Perhaps it's just something in the oaks and fir trees lining the narrow two lane passage of Highway 128 that rescues one's heart and mind away from the maniacal congestion of Toyota Camrys and Ford Explorers north of the San Francisco Bay.
Perhaps it's just the spattering of sunlight reaching through the canopy, or the parallel lines of dirt tracks sandwiching a strip of tall grass leading past a rickety gate towards an abandoned barn.
Or maybe, it's only the fluttering wings of a blue jay, the cacaphony of songbirds, and the formation of ducks migrating above that drops my defenses and fills my lungs with tranquility.
The sight of a girl swinging on a bald truck tire, a mother hanging shirts on a clothesline, an old man driving a '63 Ford pickup, all made me feel like a time traveler with my textile riding jacket and 3/4 helmet.
Somehow it seemed we had entered into a different time and place, where everyone moves at a slower speed. Hanging out at the coffee shop is their idea of adult entertainment here, and they don't seem to care that they can only get one bar on their cellphones.
The Anderson Valley is just a narrow strip of agriculture hidden between mountain ranges that might otherwise not be bothered with. The exit signs on US 101 doesn't say much about what you'll find, and I suppose locals prefer it that way.
Sash and I left the 101 and began the 27 mile ride into Boonville in search of the famed Anderson Valley Brewing Company.
The numerous advertisements of wine tasting rooms along the way might have stolen my attention had it not been for the maze of 20mph turns twisting through the mountains like grape vines on a wire fence.
But when I finally walked into the tasting room at the brewery, there they were, locals sitting at the bar, bellies full, hardly moving or making a sound, like frogs sunning themselves on lily pads.
"A Brother David's Triple" I asked.
The server obliged with a pint glass in front of me.
Meanwhile, Sash made her way into the gift shop to inspect racks of souvenir t-shirts and tops.

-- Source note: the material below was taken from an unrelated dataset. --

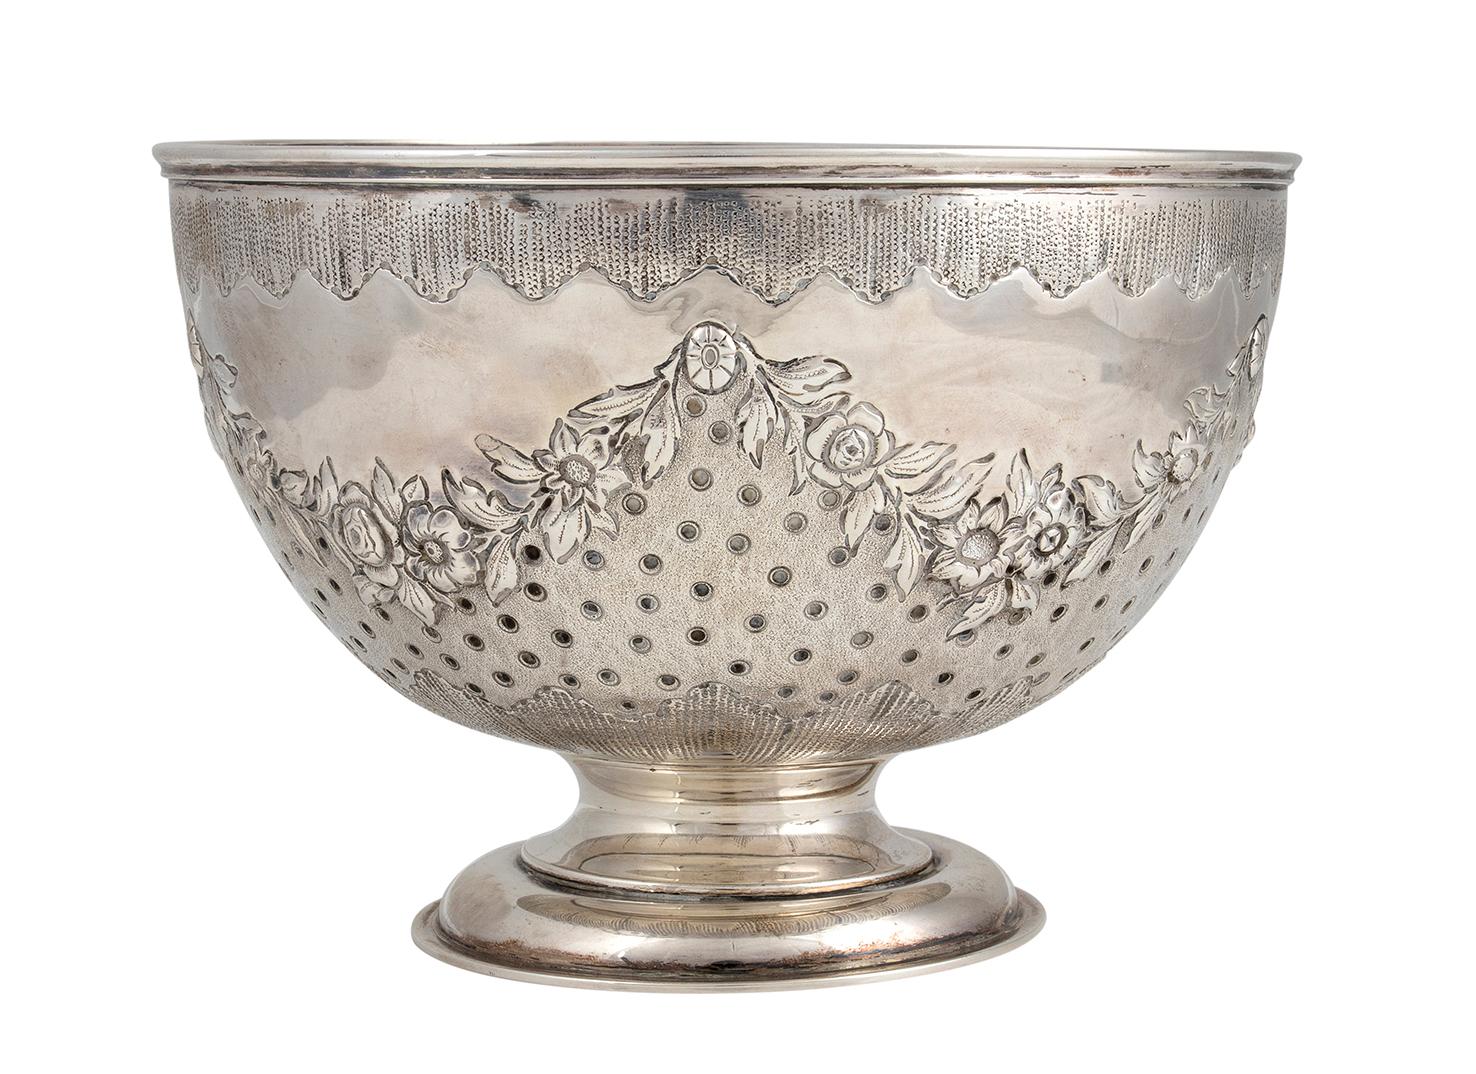 Late Victorian Silver Bowl by J. Hunt and R. Roskell, England, 1905

The old man sitting a few stools away from me wore his Peterbuilt cap, hanging his head down towards the glass, in a brown button shirt tucked neatly into a pair of faded Wranglers. It wasn't quite what I had expected to see nursing an Imperial IPA. He seemed more like the PBR kind of guy.
"How is it?" I turned to ask to him.
He didn't move.
"How is it?" I spoke up a little more.
He turned to look at me. "Lors rurr roar. Hoo, shal mor nesh fashint nor spla!"

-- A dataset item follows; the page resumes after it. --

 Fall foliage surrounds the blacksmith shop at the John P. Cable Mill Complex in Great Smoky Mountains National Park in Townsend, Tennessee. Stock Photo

I had no idea what he said. It sounded kind of like a mixture of gaelic, hillbilly, and trucker, with a little garbled phlegm for effect.
"Oh", I said smiling, and nodded my head in agreement.
I learned later on that Boonville actually has its own language called, "Boontling". No shit.
A number of city dwelling folks walked in, I could tell because they wore sandals, plaid shorts, golf shirts, and Oakleys, and were giggling over something that sounded like a lesbian joke. They all crammed the bar and hailed the server. When she asked them what she could get them, all I could hear was, "Do you have a hefeweizen?"
"Hefeweizen?" I thought to myself. They came all the way up here to drink wheat beer?
Sure enough, the server served up glasses of the stuff to every one of them. Putting Oakleys, golf shirts, and lesbian jokes aside, Boonville means something different to each of us I suppose.
Sash came back to model her new purple top for me, emblazoned with the words "Anderson Valley Brewing".
"It looks like nice on you", I said.
I thought about picking out a souvenir set of duds for myself too, but couldn't find anything that reflected my feelings of this town.
A place like Boonville, with no more than a 1,000 people, would certainly be just as well off with a tavern serving watered-down lagers and cheese sauce nachos, at least I would think. But why settle with 3.2 beer when they're pouring 10.0 stuff over here? With its own language, its own brewery, and its own slow paced, "we'll get there when we get there" kind of living creates a certain spirituality that'll fly right through you if don't know what to look for.
Lost in the translation of Boonville, to the handful of us who learn of its location, is the essence of the oaks, firs, songbirds, and 1963 Ford pickups. The incomprehensible old frogs on lily pads who lose themselves in thick malty, double fermented ales is part of the ingredient that goes back into delicate brewing process, swallowed, pissed out, and reprocessed all over again, each time adding a tiny bit more to the flavor.
One doesn't just ride through the mountains to get to this place just to pass through with little more than a memory or a photograph. Time moves too slow here, and most of us don't bother to wind down enough to capture the elements that make the Anderson Valley what it is.